--- Data below ---
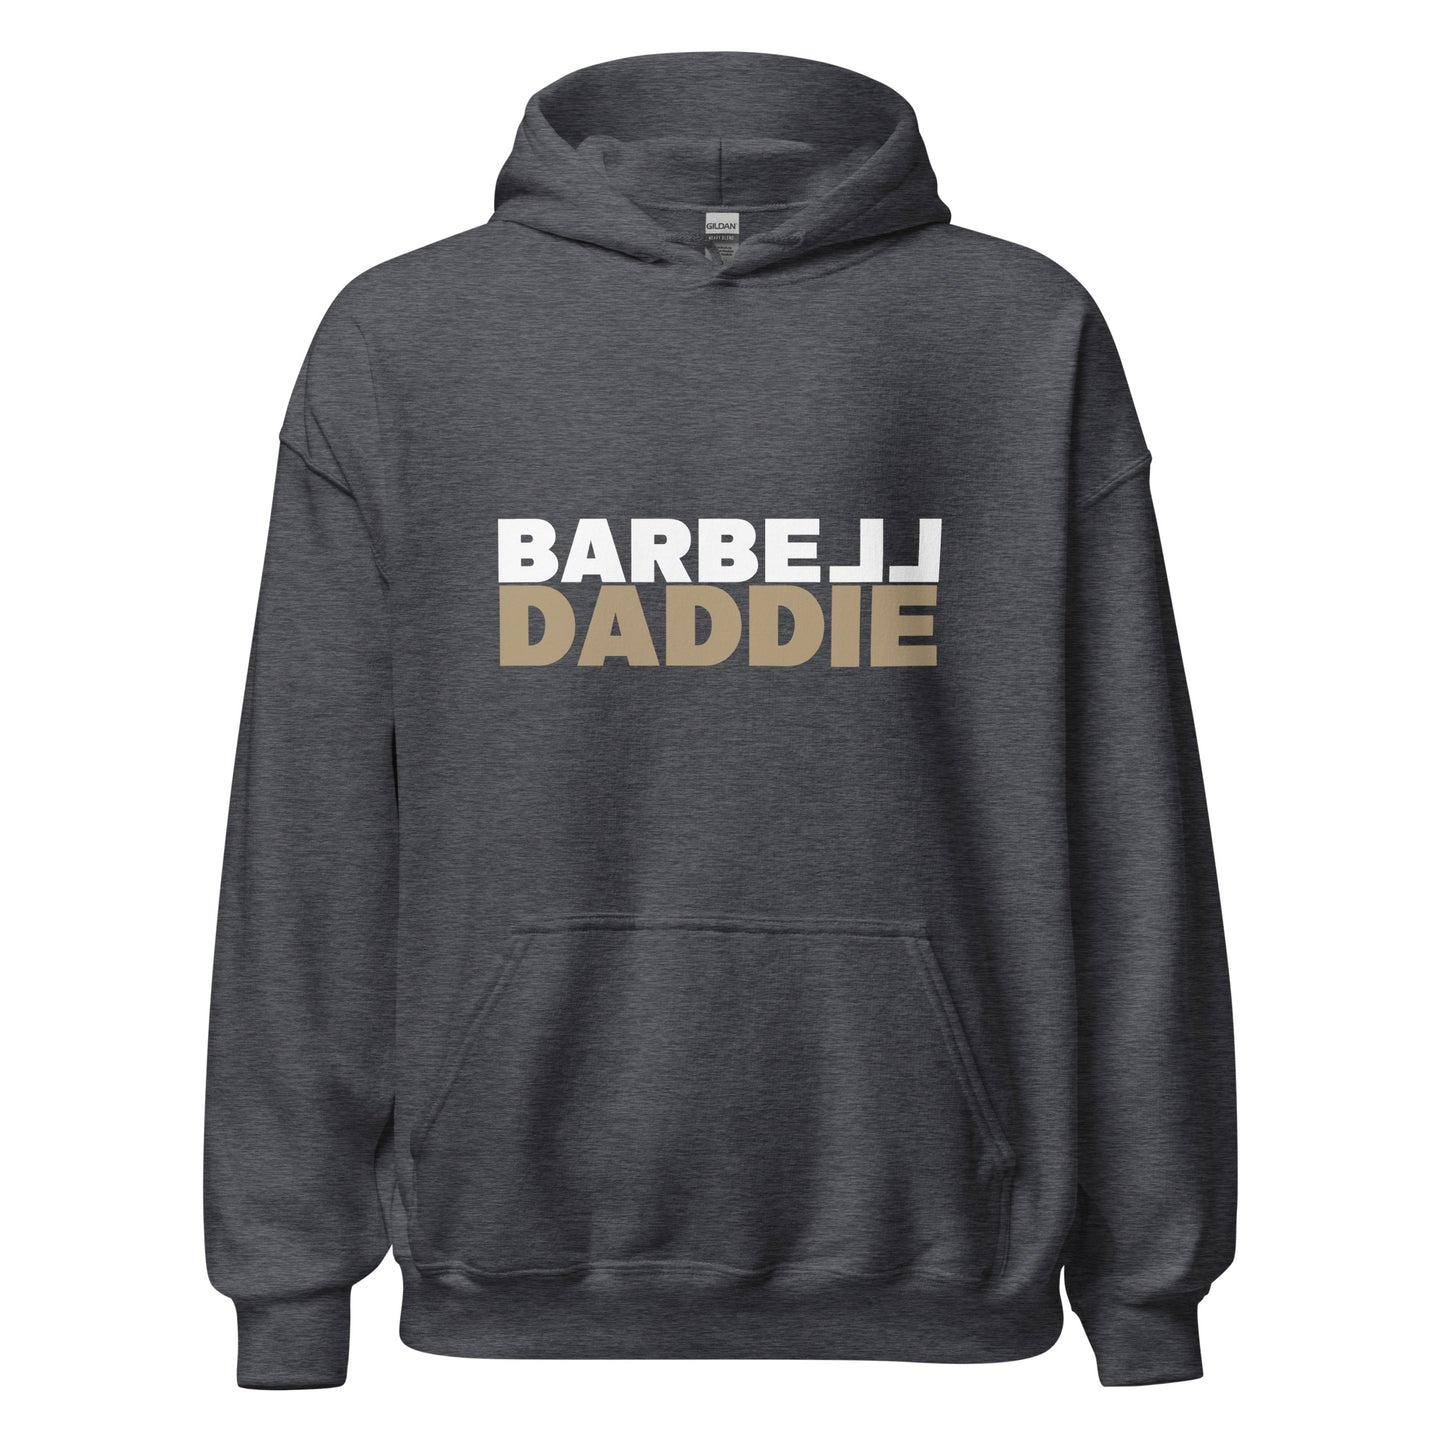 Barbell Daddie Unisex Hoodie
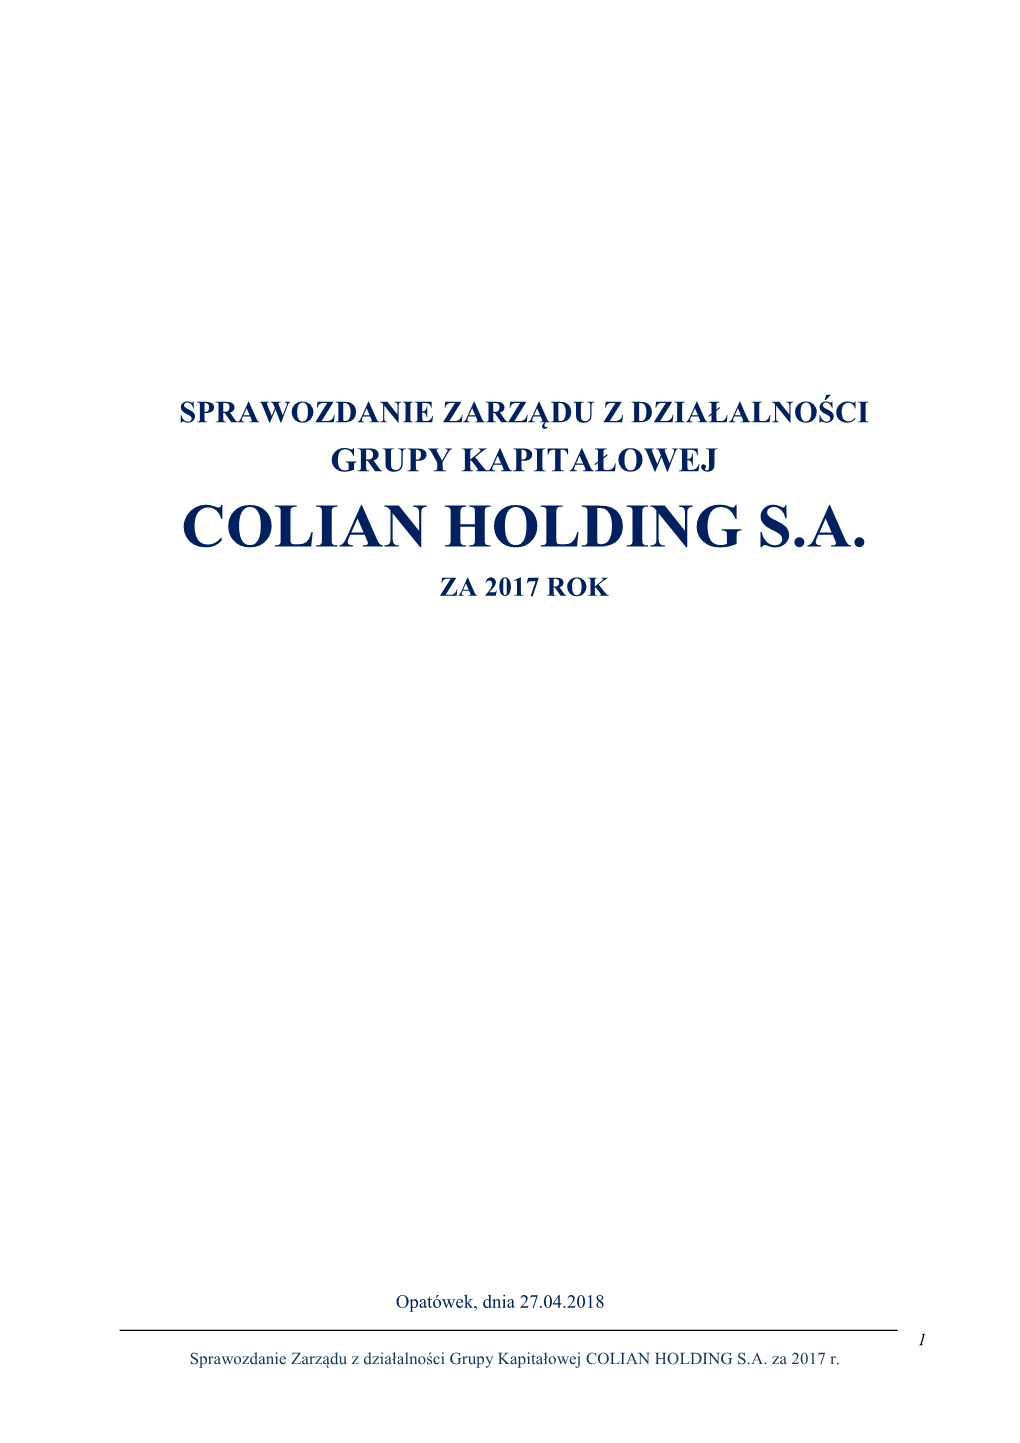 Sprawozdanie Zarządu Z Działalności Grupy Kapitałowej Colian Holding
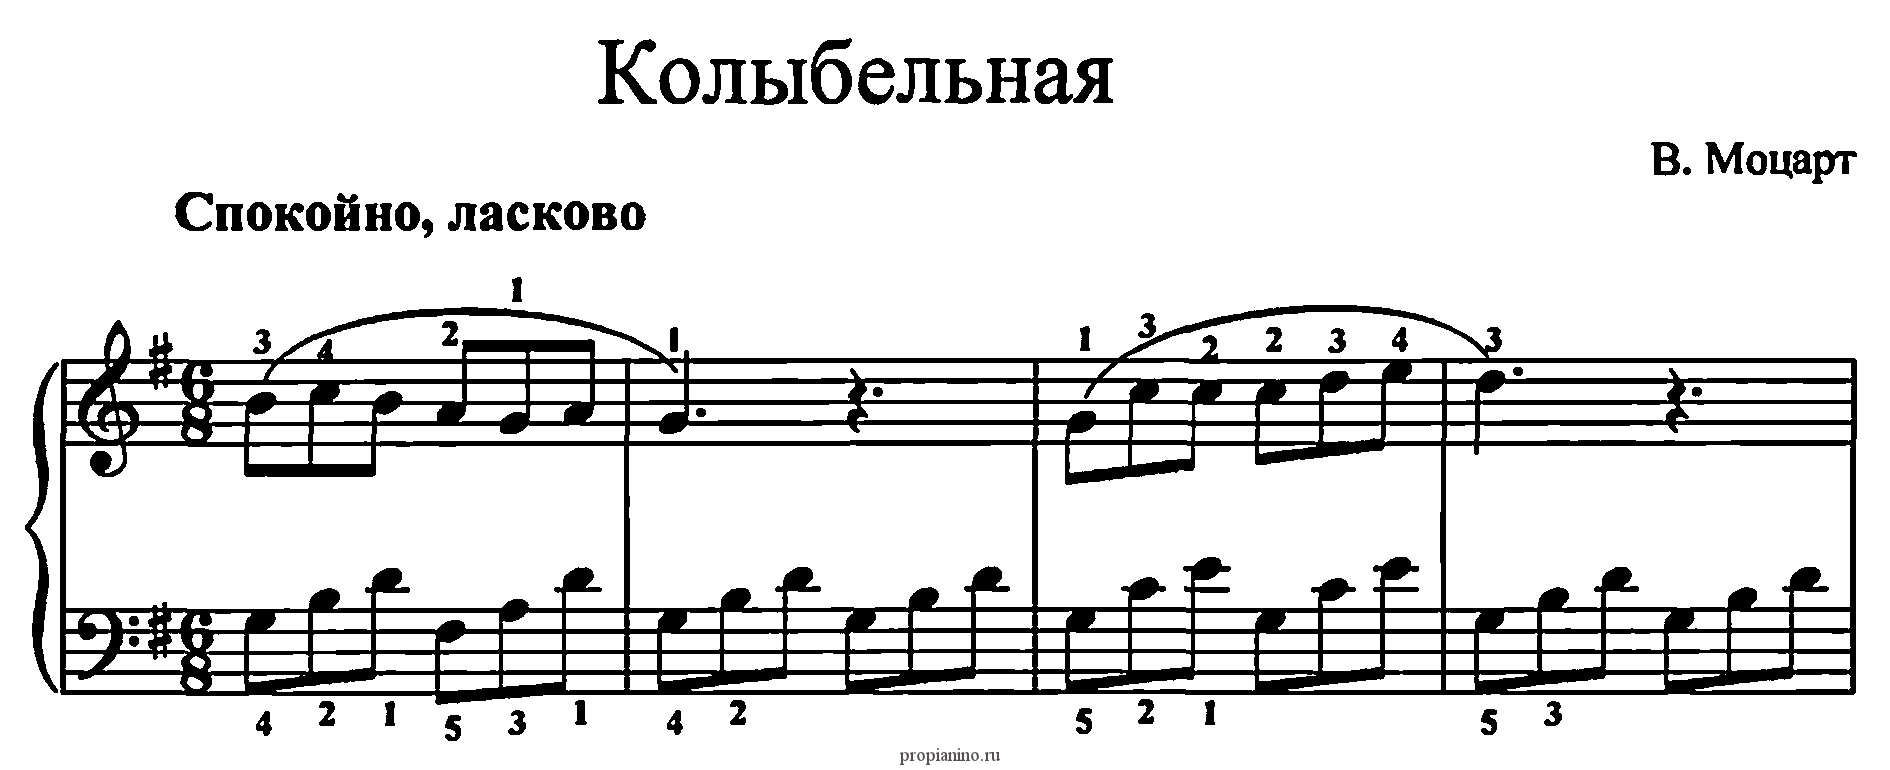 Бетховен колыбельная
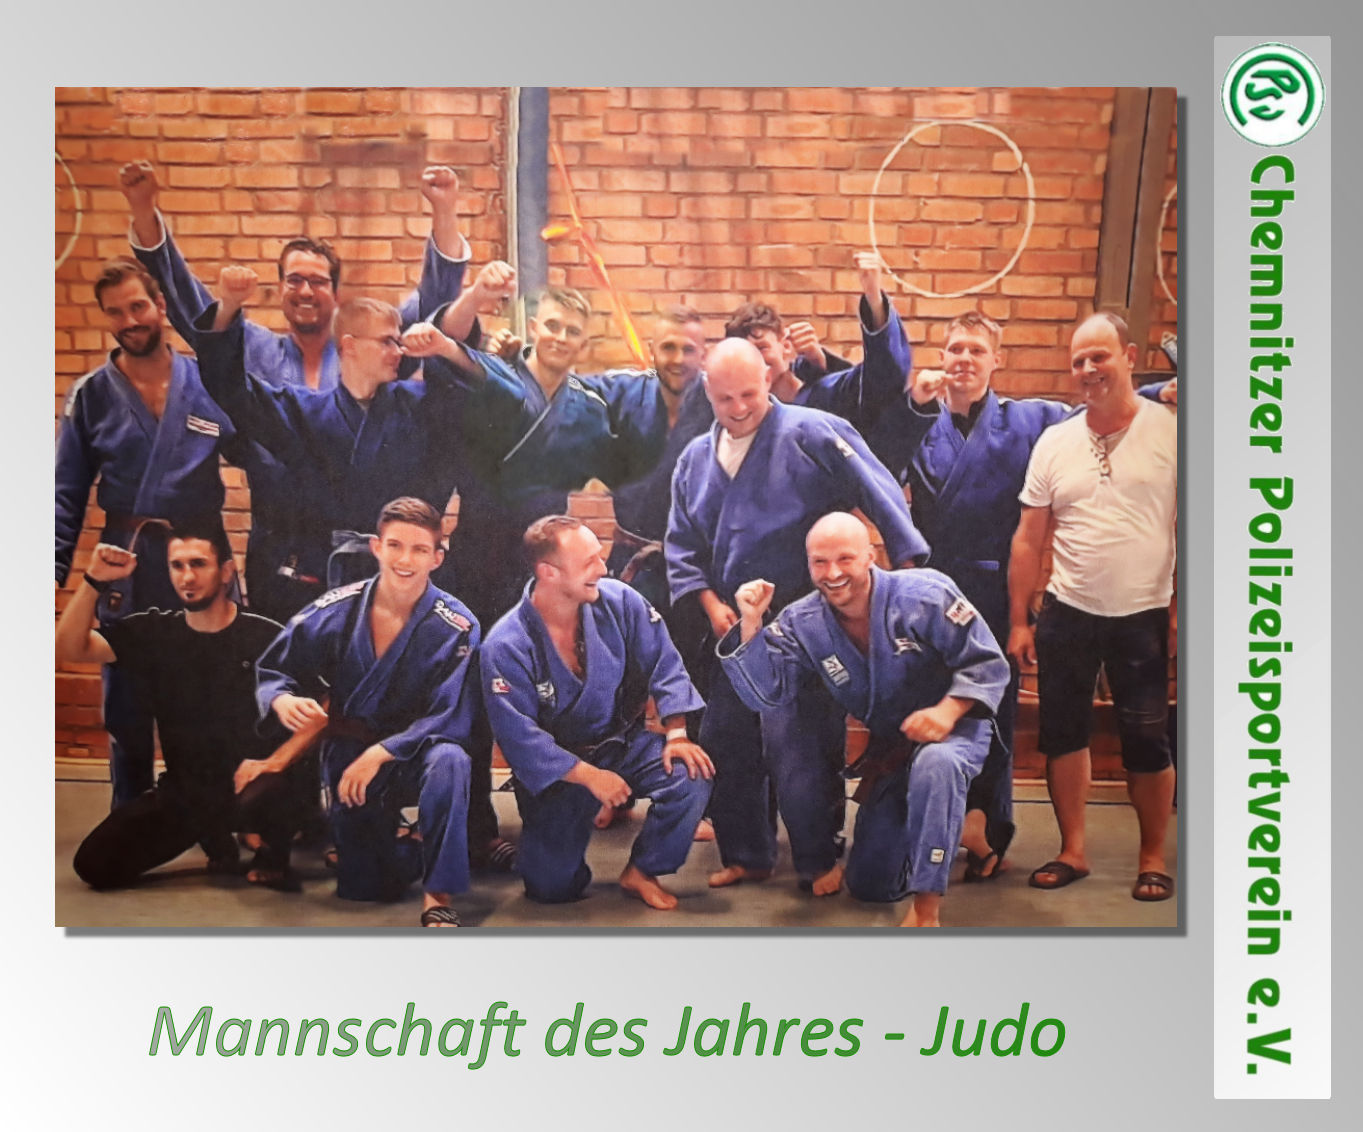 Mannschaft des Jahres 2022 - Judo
---
• _Prompt_
Only the lines from the one with "Sprawozdanie Zarządu Z" to the last line of the listing, inclusive, are to be set down, exactly as they stand and without pictures.

• _Answer section_
 Sprawozdanie Zarządu Z Działalności Grupy Kapitałowej Colian Holding
 Бетховен колыбельная
 Mannschaft des Jahres 2022 - Judo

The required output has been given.